### Work order:
Exclude images; transcribe the rest of the data exactly.

::: Records for the task

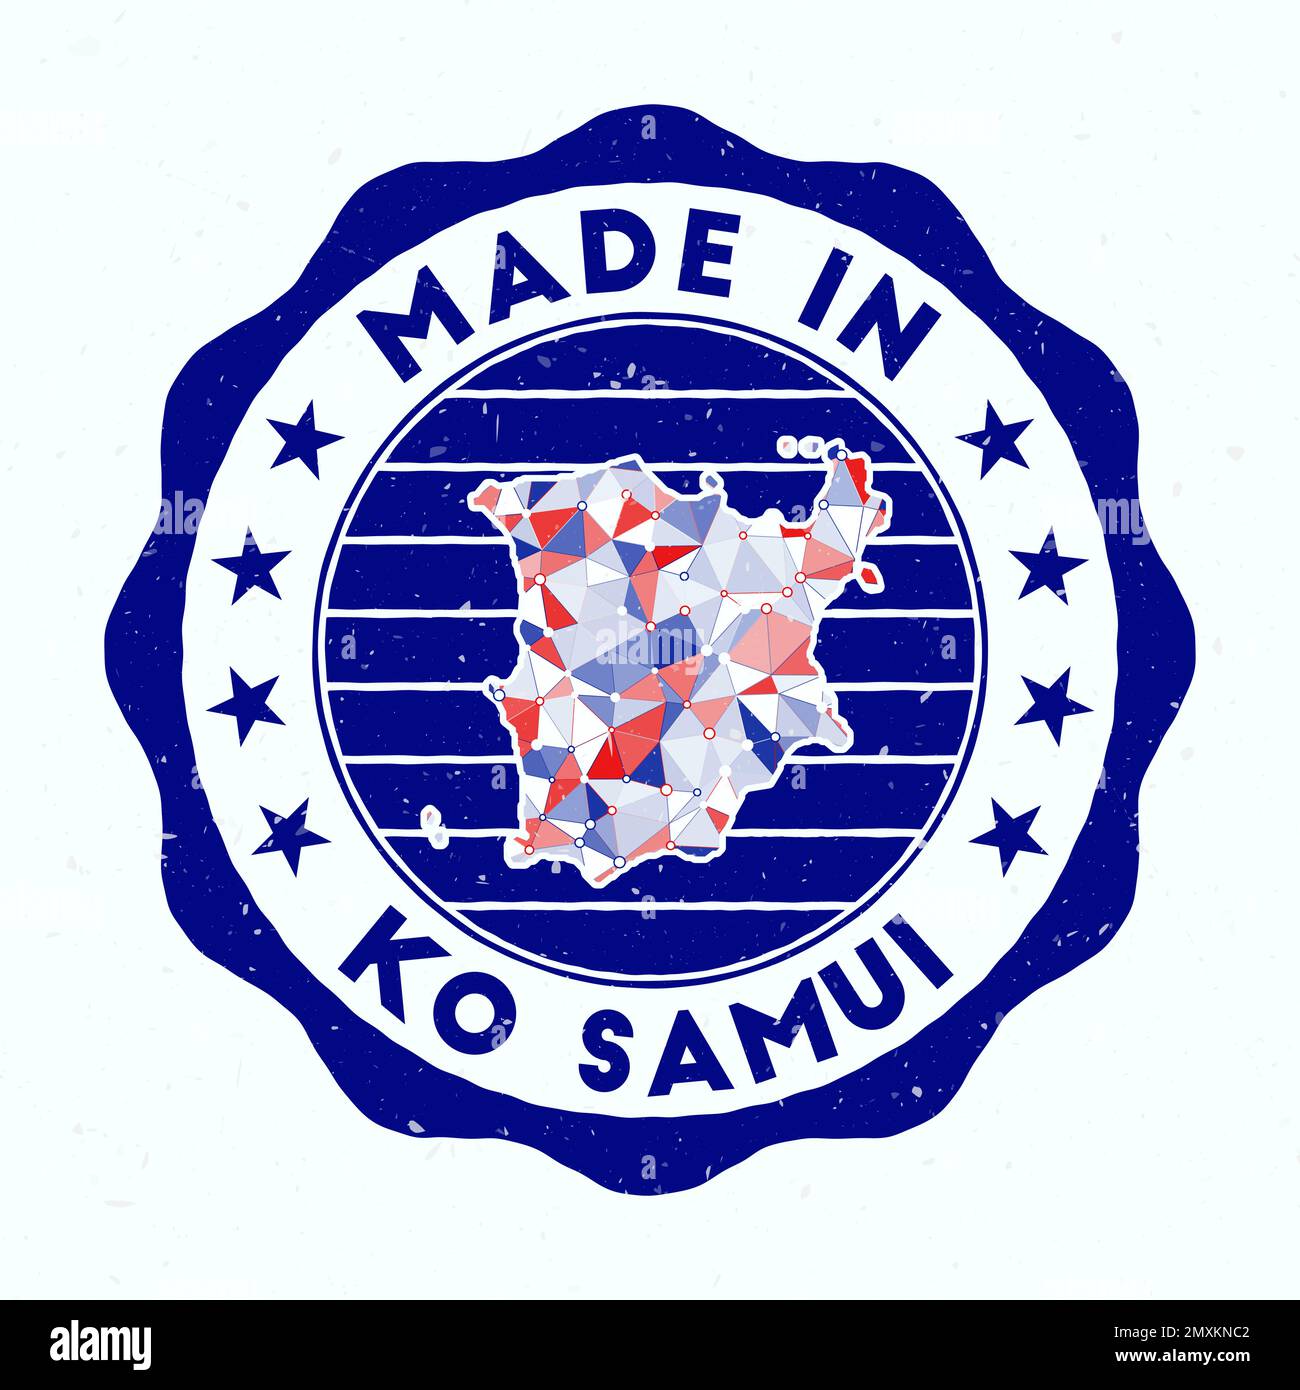 Made In Ko Samui. Island round stamp. Seal of Ko Samui with border shape. Vintage badge with circular text and stars. Vector illustration. Stock Vector
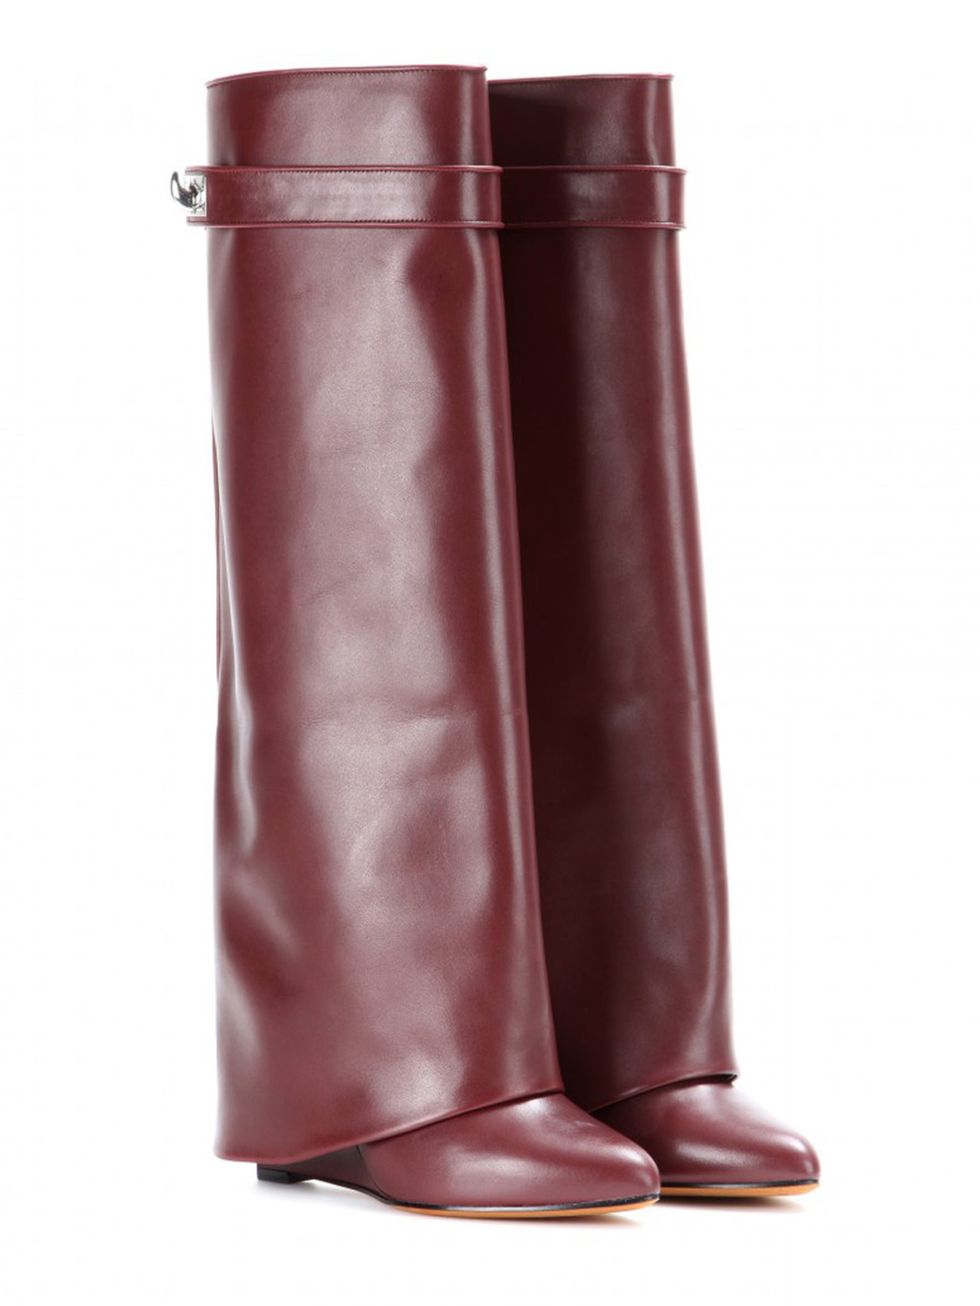 Brown, Textile, Maroon, Leather, Liver, Tan, Cylinder, Boot, 
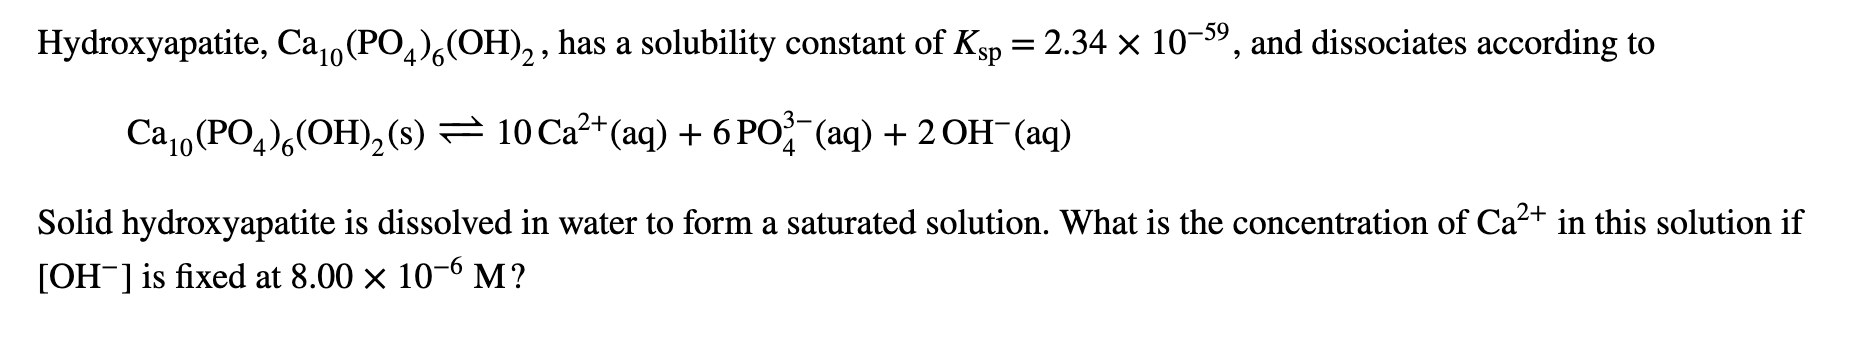 Hydroxyapatite, Ca0(PO)(OH)2,has a solubility constant of Ksp 2.34 x 10-59, and dissociates according to
Са (РОд),ОН),(8) — 10Са** (аq) + 6РО (аq) + 2ОН (aq)
4
Solid hydroxyapatite is dissolved in water to form a saturated solution. What is the concentration of Ca2 in this solution if
[OH-is fixed at 8.00 x 10-6 M?
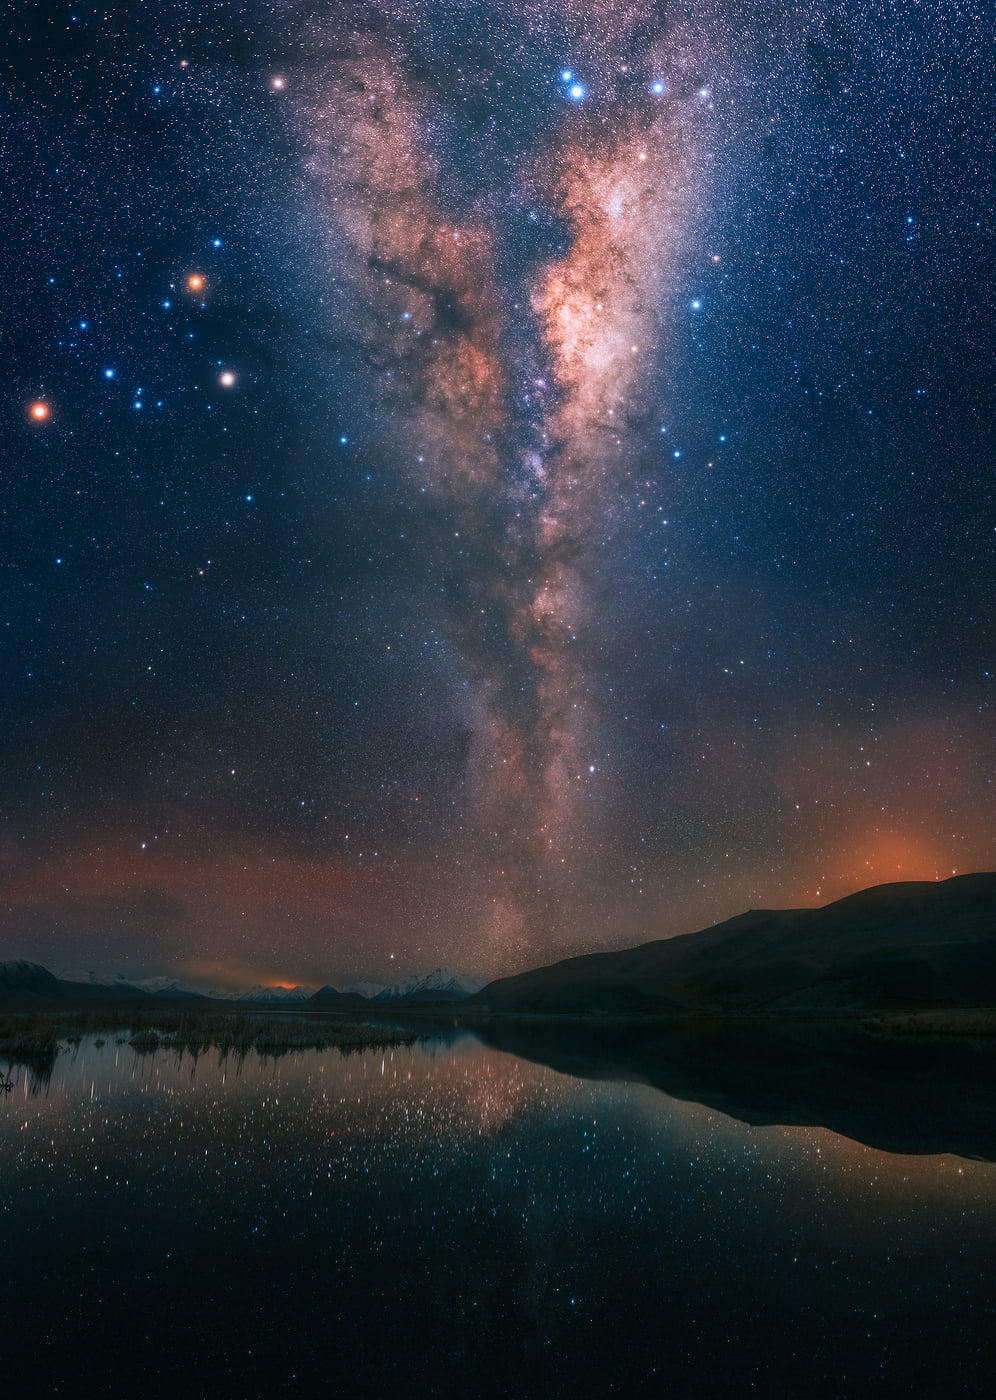 391 megapixels! A very high resolution, large-format VAST photo of the Milky Way, stars, and night sky over a lake, mountains, and grass; fine art landscape astrophotograph created by astrophotographer Paul Wilson in Maori Lakes, Canterbury, New Zealand.

::::::

### The completed task:
 Made In Ko Samui. Island round stamp. Seal of Ko Samui with border shape. Vintage badge with circular text and stars. Vector illustration. Stock Vector
 Brown, Textile, Maroon, Leather, Liver, Tan, Cylinder, Boot, 
 Hydroxyapatite, Ca0(PO)(OH)2,has a solubility constant of Ksp 2.34 x 10-59, and dissociates according to
Са (РОд),ОН),(8) — 10Са** (аq) + 6РО (аq) + 2ОН (aq)
4
Solid hydroxyapatite is dissolved in water to form a saturated solution. What is the concentration of Ca2 in this solution if
[OH-is fixed at 8.00 x 10-6 M?
 391 megapixels! A very high resolution, large-format VAST photo of the Milky Way, stars, and night sky over a lake, mountains, and grass; fine art landscape astrophotograph created by astrophotographer Paul Wilson in Maori Lakes, Canterbury, New Zealand.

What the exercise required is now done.